Spotify stock (NYSE: SPOT) dipped by nearly five percent during Tuesday’s trading hours and has parted with almost one-quarter of its value since the start of 2022. All of which is prompting Wall Street — and previously high-flying stakeholders — to discuss the downturn’s potential causes.
Having finished at $193.52 per share on Monday, Spotify stock was worth $184.04 per share when the market closed on Tuesday – a 4.92 percent decrease on the day, a 13.59 percent decline across the last five days, and a full 23.50 percent falloff over the past six months.
Furthermore, as mentioned at the outset, SPOT’s present value represents a 24.62 percent slip since 2022’s beginning, when the stock was worth north of $244 per share.
The broader slide is stunning: back in late January of 2021, SPOT was hovering around $337 a share. Since that point, SPOT has witnessed a $152 plunge, which translates into a 45% drop in just one year. Tuesday’s price represents a modest 24.42 percent gain from the Stockholm-based company’s 2018 public offering.
Of course, it’s impossible to pinpoint the precise factors that are dragging SPOT down, but the movement arrives amid broader market corrections and a shift away from unprofitable and/or tech stocks.
The S&P 500 is down about 9.2 percent on the year, and pandemic darlings like Netflix (NASDAQ: NFLX) and Peloton (NASDAQ: PTON), which cracked all-time-high prices in late 2020 and 2021, have posted double-digit stock-price losses to this point in 2022. To be sure, NFLX is down approximately 39 percent/$231 since January 3rd, compared to a 25 percent/$9 decline for PTON during the same stretch.

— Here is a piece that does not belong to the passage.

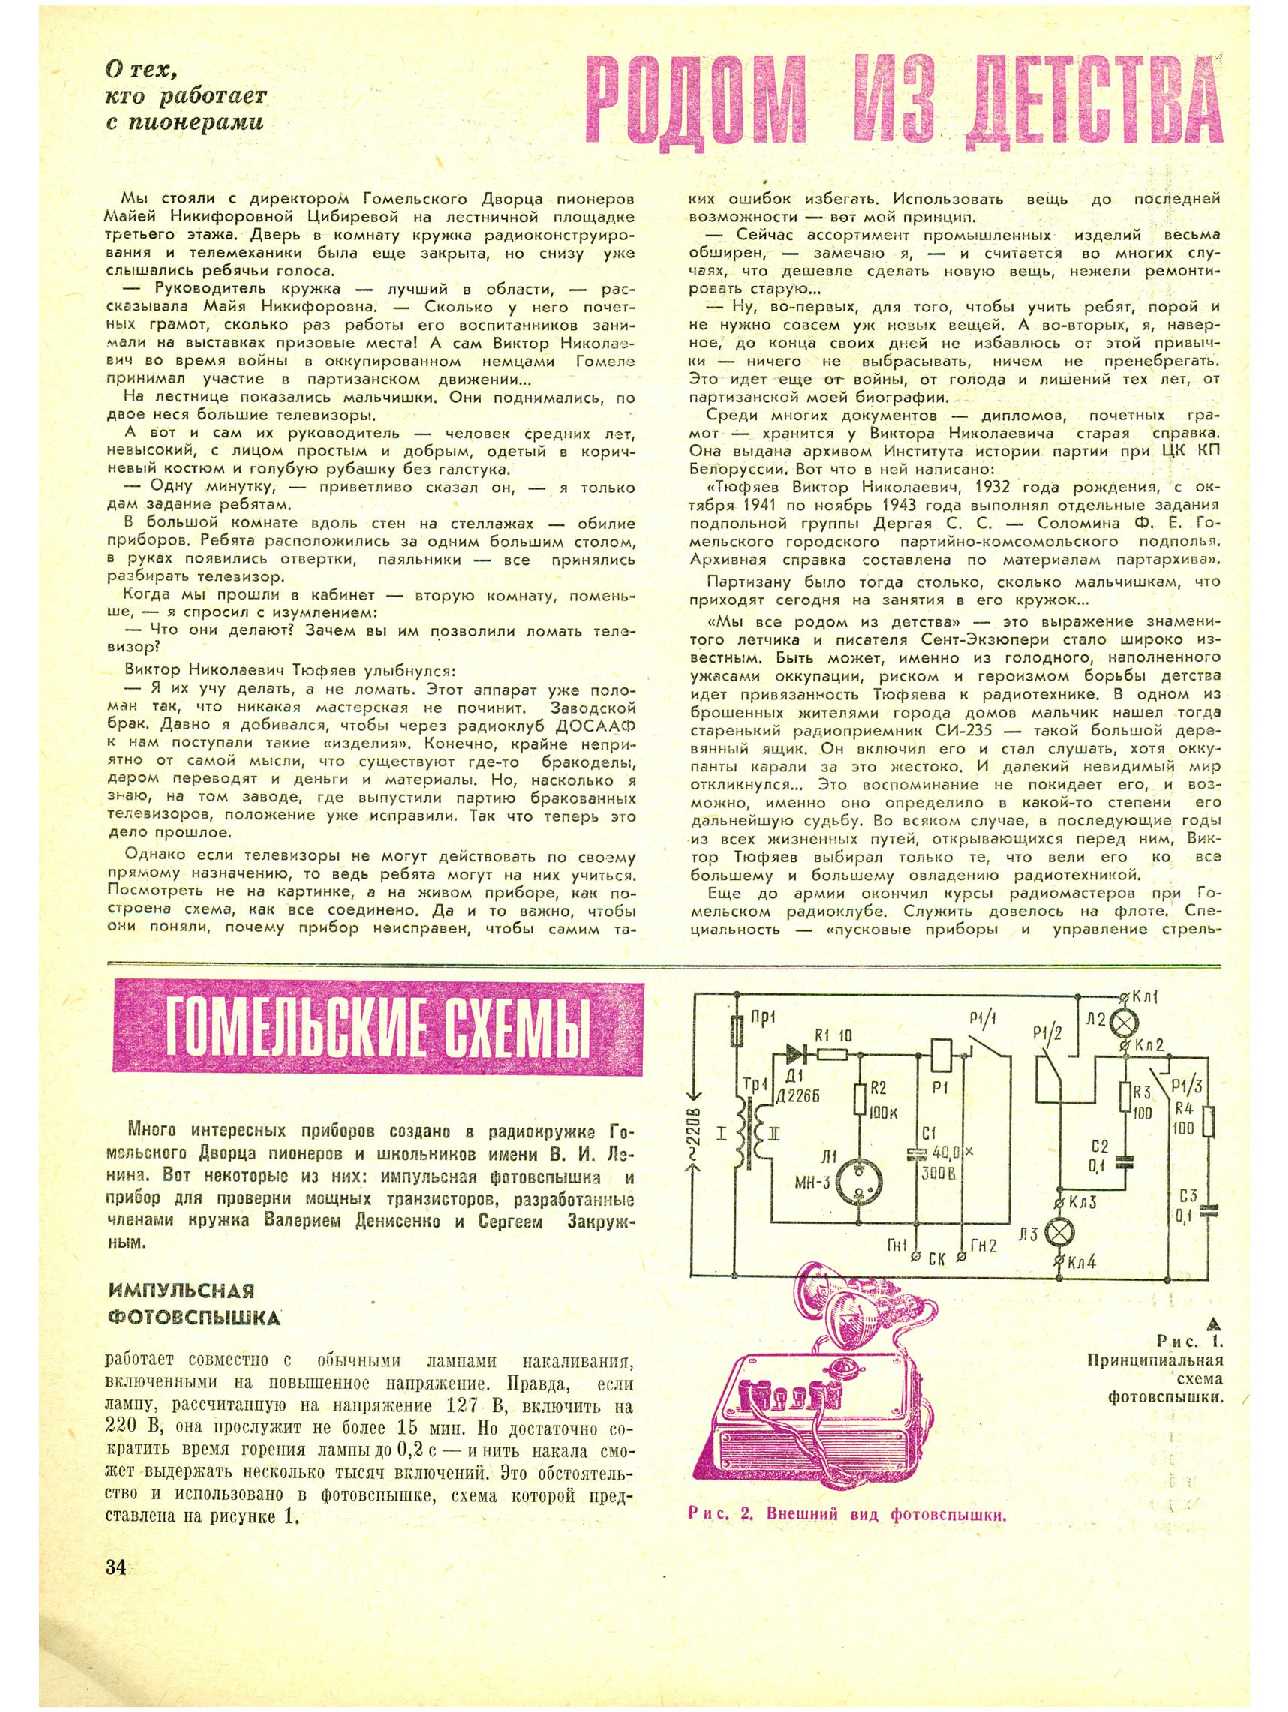 МК 12, 1974, 34 c.

The latter stock had surged past the $165 mark heading into 2021.
Bringing the focus back to recent developments concerning Spotify specifically, a number of issues are emerging. After years of surging subscriber growth, the numbers are plateauing in wealthier nations like the US. Diversifications into arenas like podcasting also remain speculative: just recently, Spotify shut down its pioneering podcast studio – and laid off some of the division’s 10 to 15 employees. Though the move appears inconsequential in the context of Spotify’s multibillion-dollar bet on podcasts, it doesn’t seem to spell confidence in the format.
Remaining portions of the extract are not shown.